I looked at Marion, who was sitting, hands folded in her lap. She inclined her head, very slightly. Under the bruises, she was smiling.

I said, "Somebody had to."

"You have a gift for it," she countered. We both looked at Paul.

He was gone. Sometime during my little speech, he'd walked away. I felt a little stab of regret and worry. I'd taken away Paul's authority again, maybe for good this time, and that was not only unkind, but also deeply unwise.

"Excuse me?" someone asked from behind me. "Warden Baldwin?"

I turned to find a petite blond woman standing there. I didn't know her, but she was different from the others in the hallway. There was no worry in her expression, and no exhaustion. Perky, which just seemed strange.

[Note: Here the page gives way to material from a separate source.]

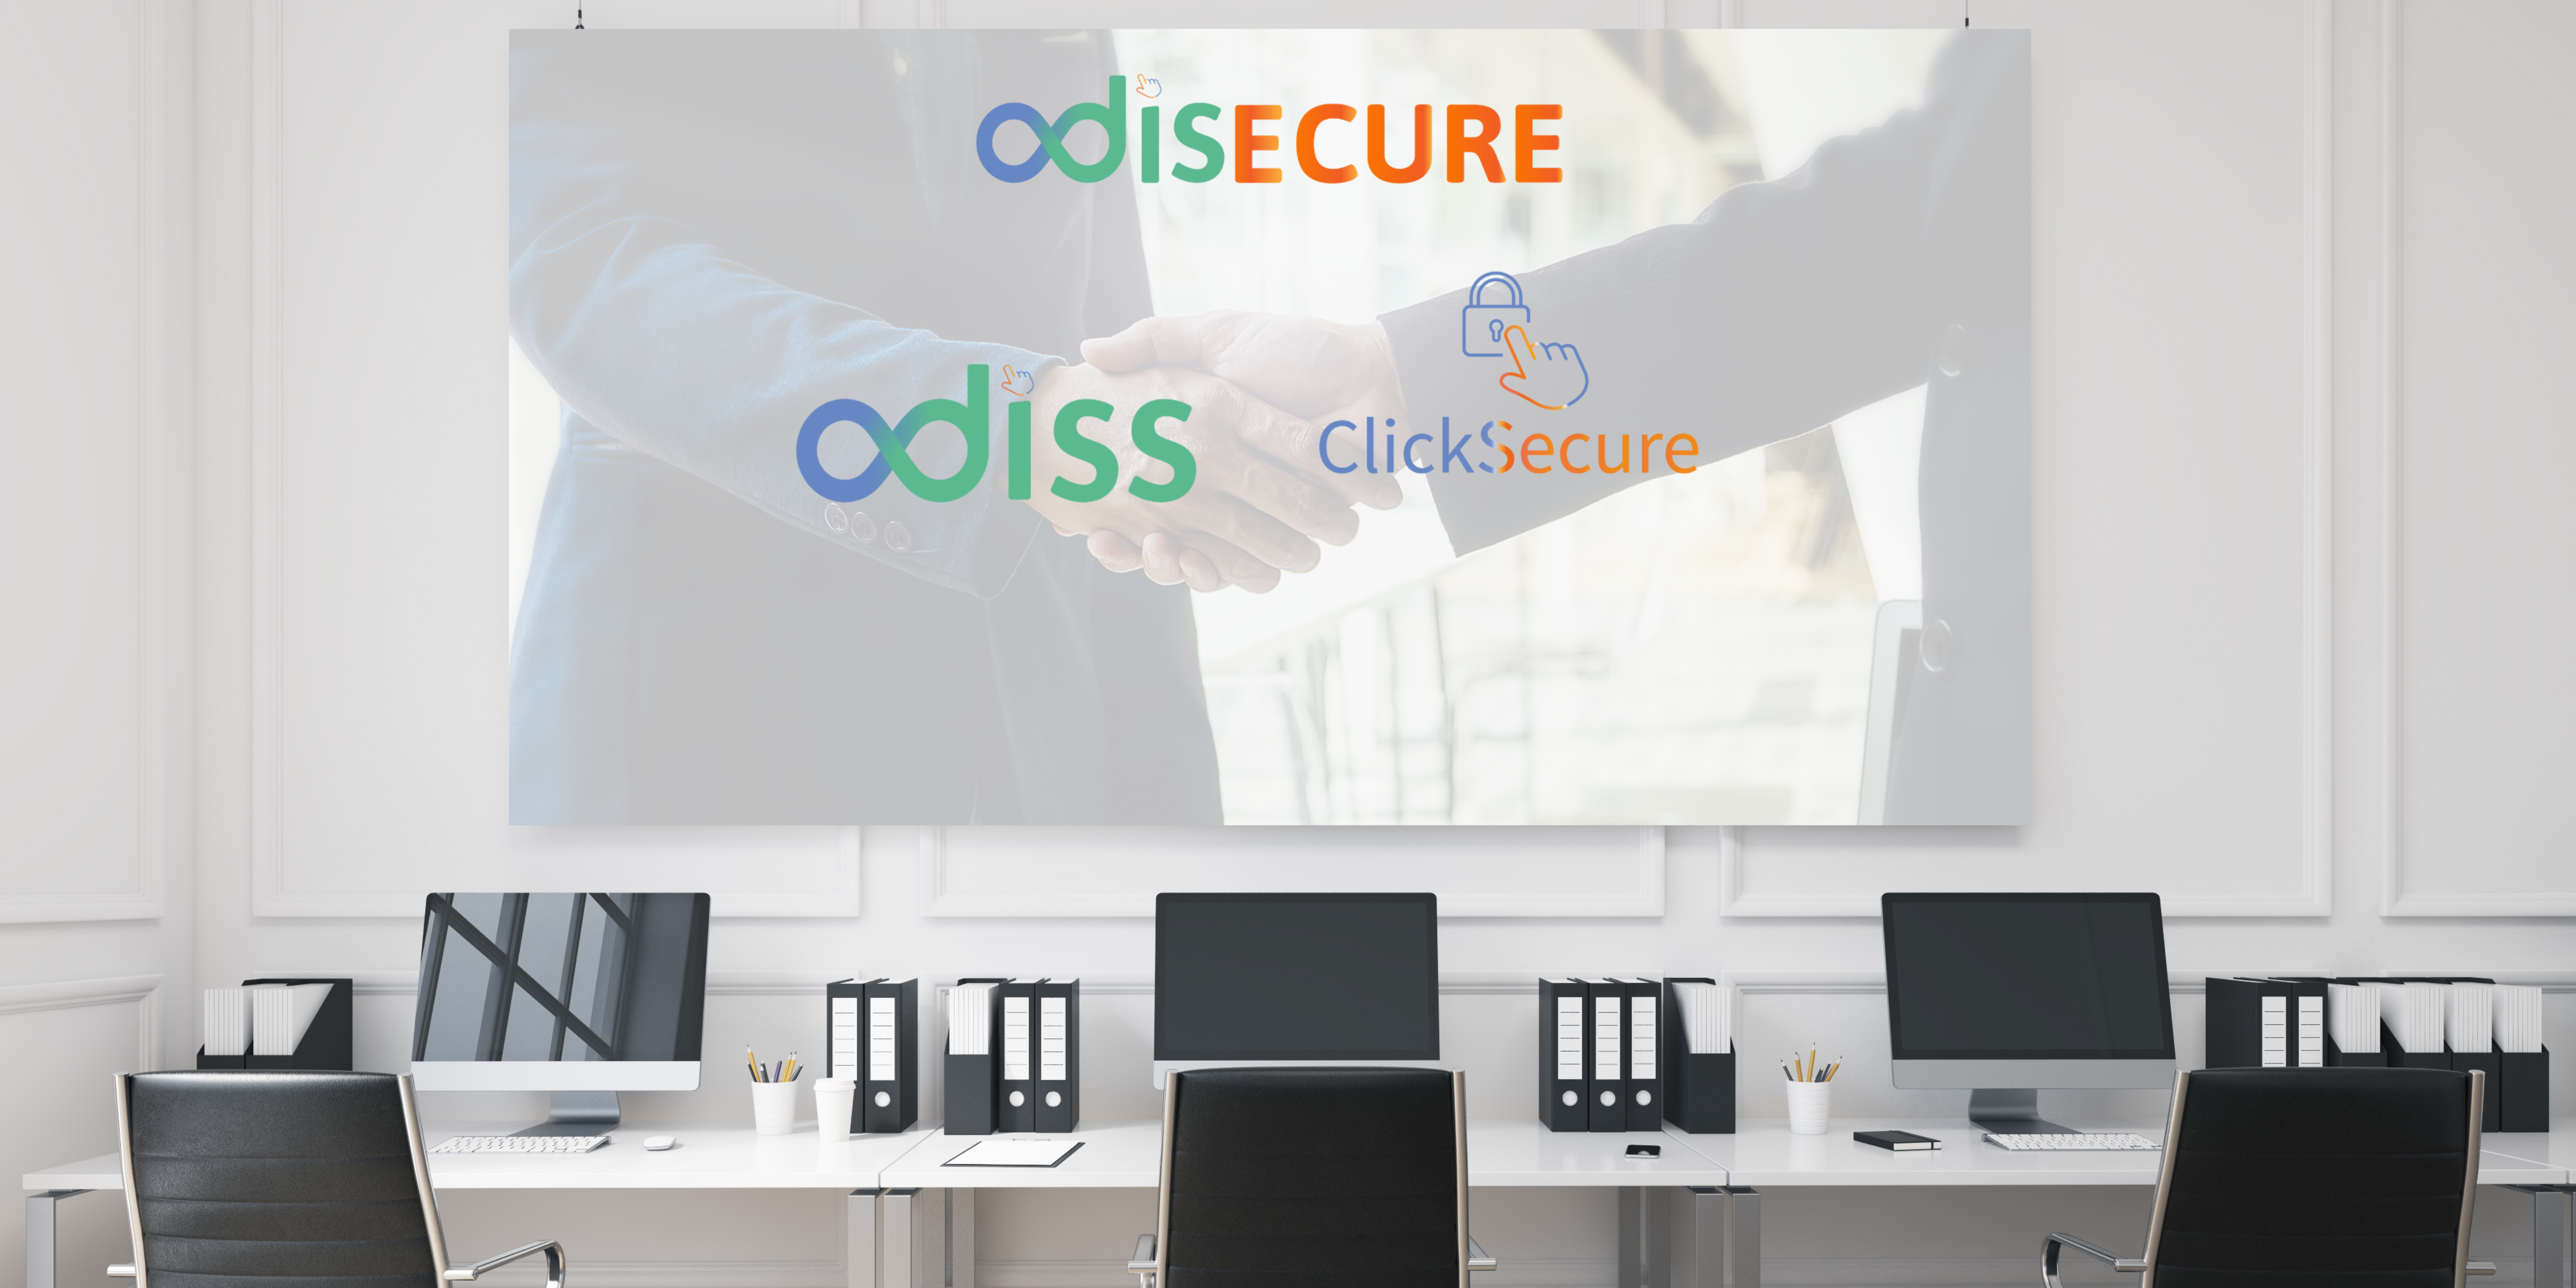 Odiss rejoint ClickSecure et intègre le groupe Odisecure !
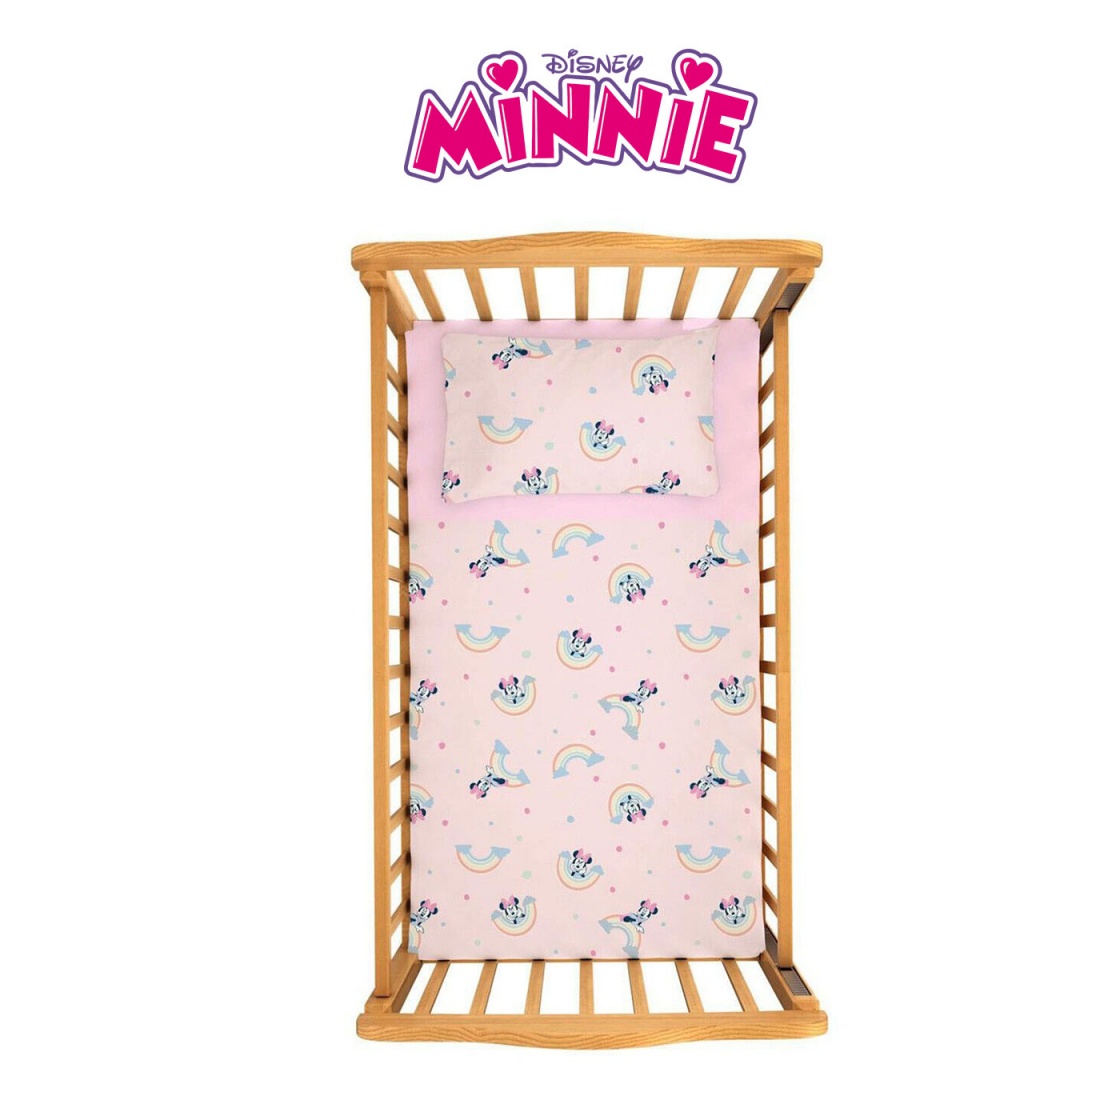 Completo lenzuola Minnie Disney per Lettino baby

There was something else, though, that sent a ripple of unease up my back that exploded in an ice-cold shudder on the back of my neck.

The woman was just… wrong.

"Jo!" Marion's warning shout came a second too late.

The woman had a gun. Must have taken it off one of the guards. Nathan? Janet? One of the many who'd died? And now she raised it and pointed it straight at me. I froze, unbreathing. The muzzle of that damn pistol looked big enough to swallow the sun.

And she fired.

I felt it happening in slow motion—the hammer striking the cartridge, the blooming flare of explosion inside the metal jacket…

I felt it. The same way I usually felt the flare of lightning bursting out of the sky, or the swirl of air and water.

I not only felt it, but I could… touch it.

It didn't take much, just a whisper, and I killed the spark before it ignited the powder in the cartridge.

Click.

My would-be assassin looked baffled, then angry, and pulled the trigger again, with the same results. I smiled thinly at her, reached out, and took the pistol away. While I was doing that, Nathan, the tall security guard, pelted breathlessly around the corner. I emptied the clip out of the gun—well, it always looked cool in the movies—and Nathan took it away from me the way you'd take a semiautomatic away from a teething baby.

He also took possession of the Warden, and handcuffed her.

She still had that same eerily calm, predatory light in her eyes, and she hadn't taken her eyes off me. I recognized that starvation in her. I'd had it eating through my own veins not so very long ago.

I was staring at her, wondering how to go about handling this particular problem, when an arrival at the end of the hallway stole my thunder. Heads popped out of conference rooms, and whispers flew down the hall, contagious as the flu. "Lewis!"

Well, well, well… Elvis was back in the building.

Lewis Levander Orwell wasn't looking his best, but then, who was? Rough and tired, but intact except for some livid dry cuts and scrapes that looked suspiciously like road rash, as if he'd gotten dragged over asphalt. At least a three-day growth of beard. Still, much improved from the last time I'd seen him. There was a palpable sense of relief as he walked down the hall toward us, a feeling that at last, stability had arrived. Lewis had that effect. He was, without question, the most powerful living Warden, and he was the proverbial triple threat—weather, fire, and earth powers, all in one package.

He didn't look like the big head cheese, really—tall, long arms and legs, a kind of lanky grace and an ironic smile, brown hair that badly needed a trim, a worn pair of close-fitting blue jeans and a loose flannel shirt folded up to expose the aforementioned cuts and road burns, and corded, sinewy arms. Hiking boots. Competence and authority in a handy carrying case.